We all know (and love) a classic acai bowl on a warm summer day. But when the weather dips, the last thing we want is an icy and fruity bowl to start our morning.
You can still enjoy the taste and benefits of acai while also scarfing down a cozy bowl of oatmeal. Since acai has favorable effects on plasma HDL metabolism, cutting this berry out of your diet during the chilly season would be a shame.
Adding some acai powder or thawed acai puree to your oatmeal will result in a gorgeous-colored bowl of goodness that is loaded with antioxidants. Top with fresh fruit and a dollop of natural nut butter for an acai bowl-like breakfast that is a bit more stick-to-your-ribs for the wintertime.
Savory Mushroom Oatmeal
Oatmeal doesn’t have to be just for breakfast. Savory oatmeal can be super-satisfying and can help you get important nutrients in your diet, especially if you aren’t a breakfast eater.

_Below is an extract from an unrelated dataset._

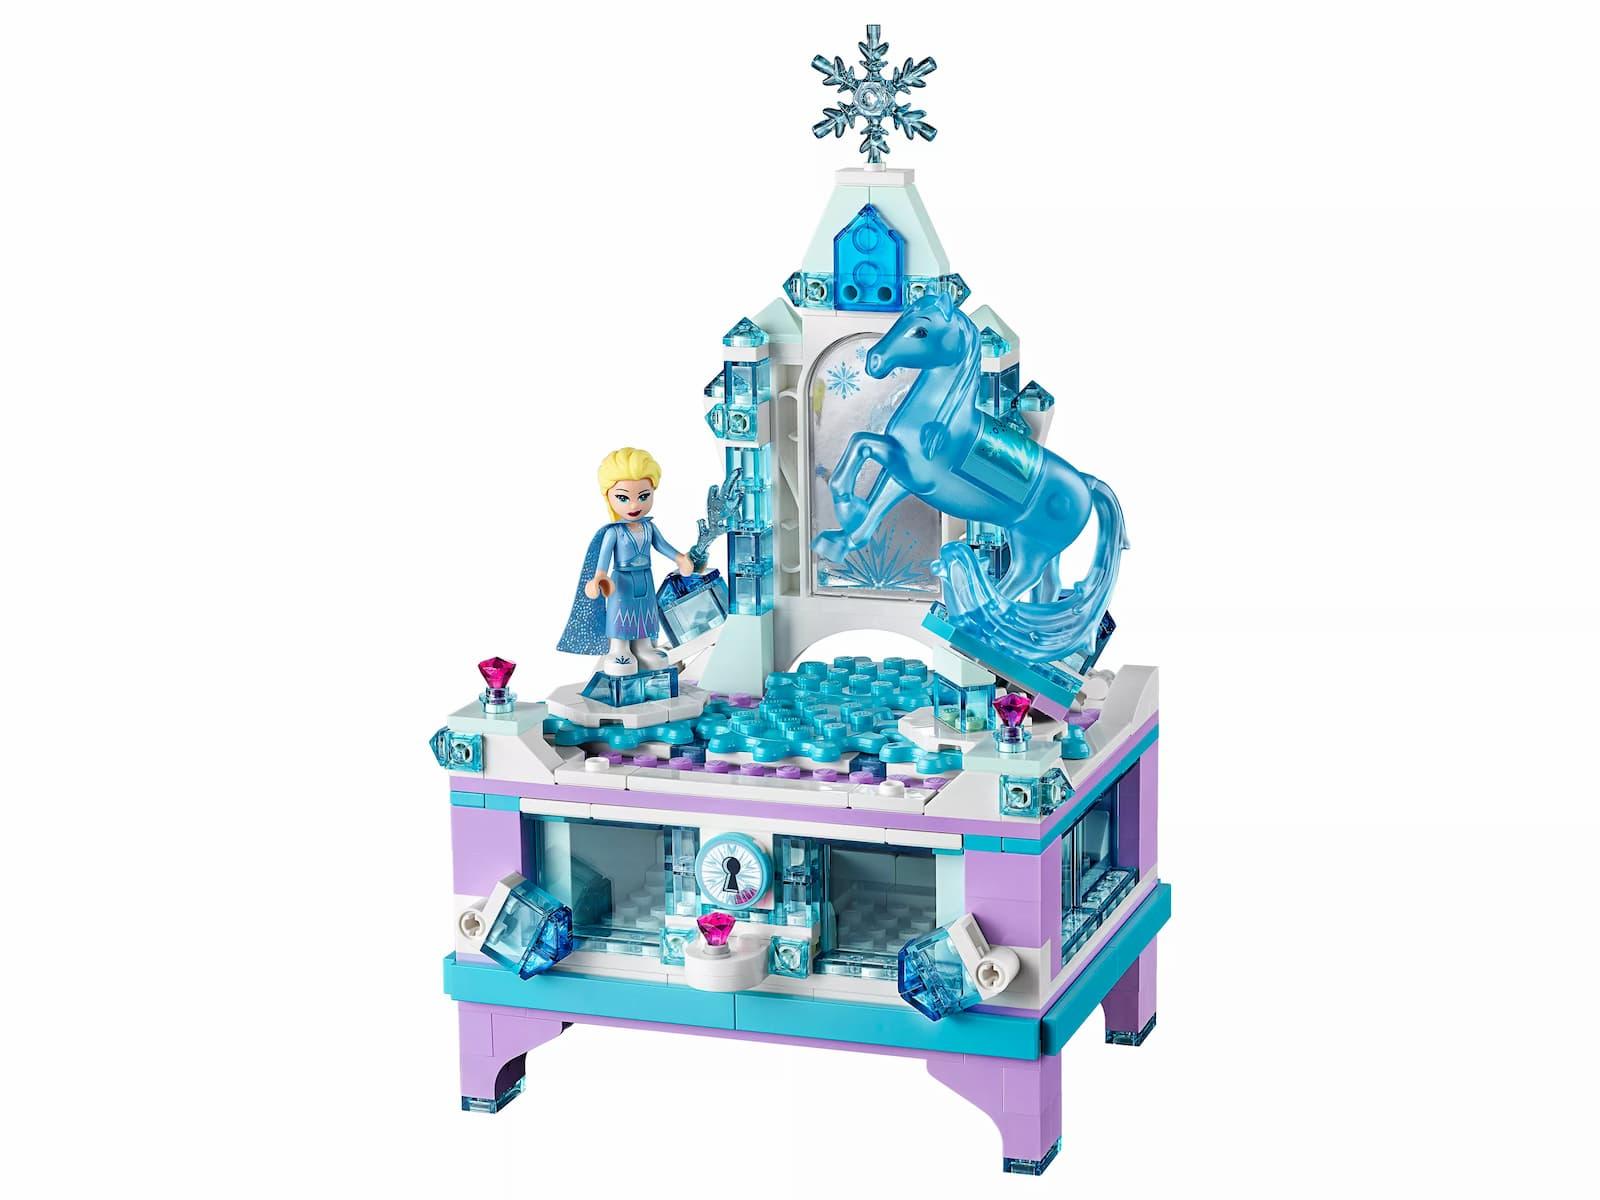 Конструктор SY «Шкатулка Эльзы» SY1442 (Disney Princess 41168) / 520 деталей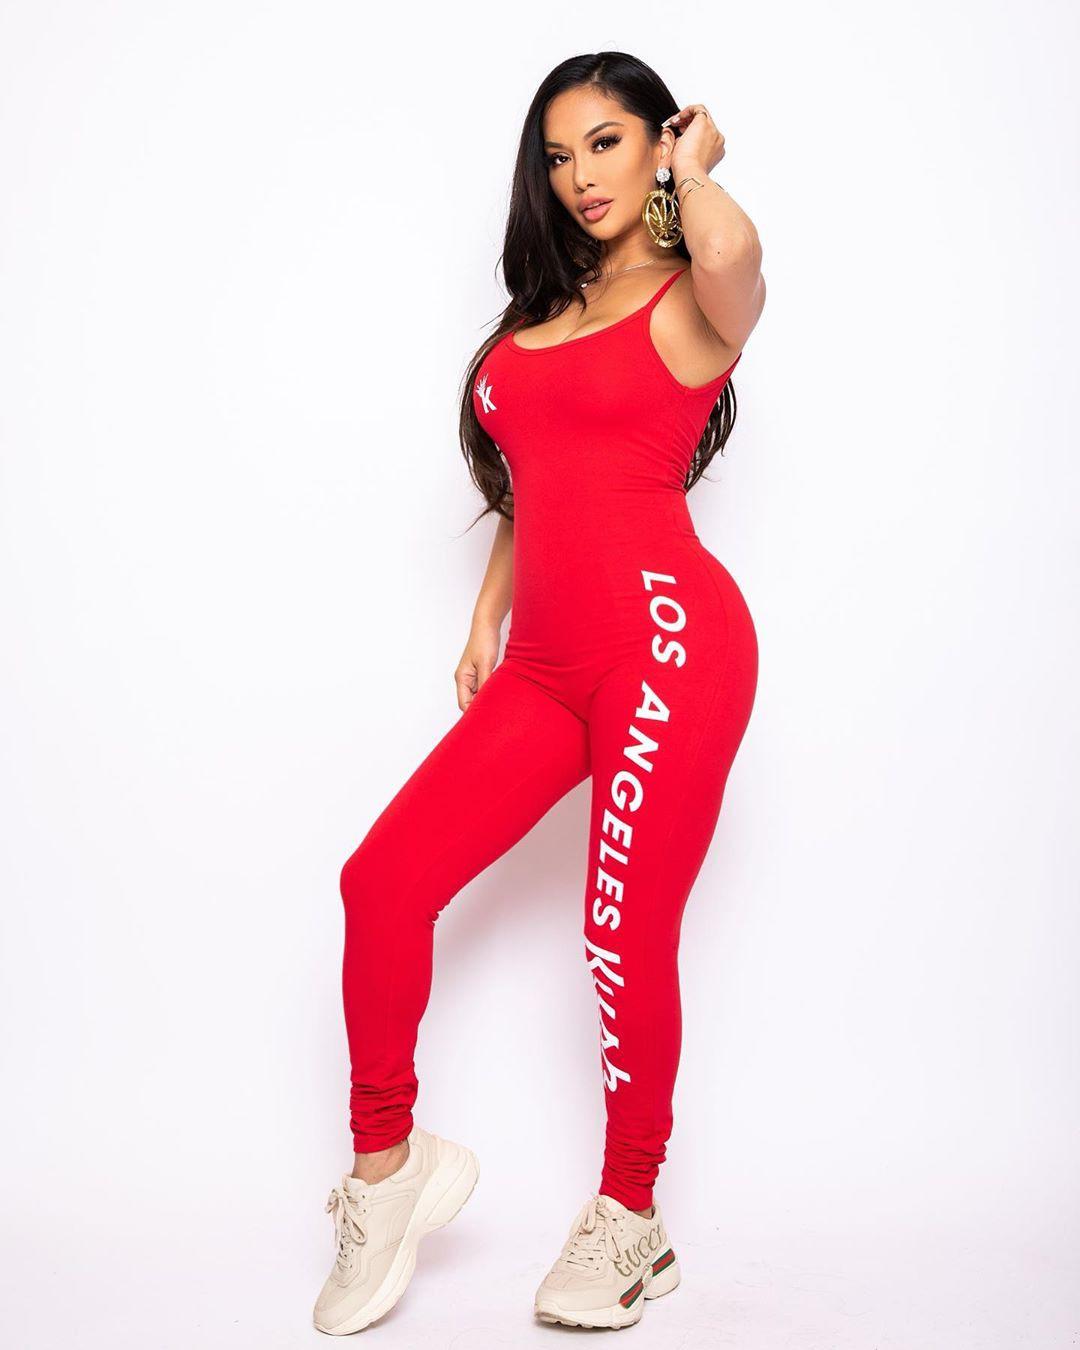 Ashley Vee sportswear, tights clothing ideas, best photoshoot ideas

Savory mushroom oatmeal is equally nutritious and delicious. And thanks to the addition of mushrooms, you will get a double dose of those cholesterol-lowering beta-glucans, as mushrooms naturally contain this same fiber as oats do.
To make savory mushroom oatmeal, cook your oats in chicken broth instead of water, and stir in sautéed mushrooms, onions, garlic, and spinach. Top the dish with some fresh parmesan cheese and enjoy your simple and veggie-rich dinner!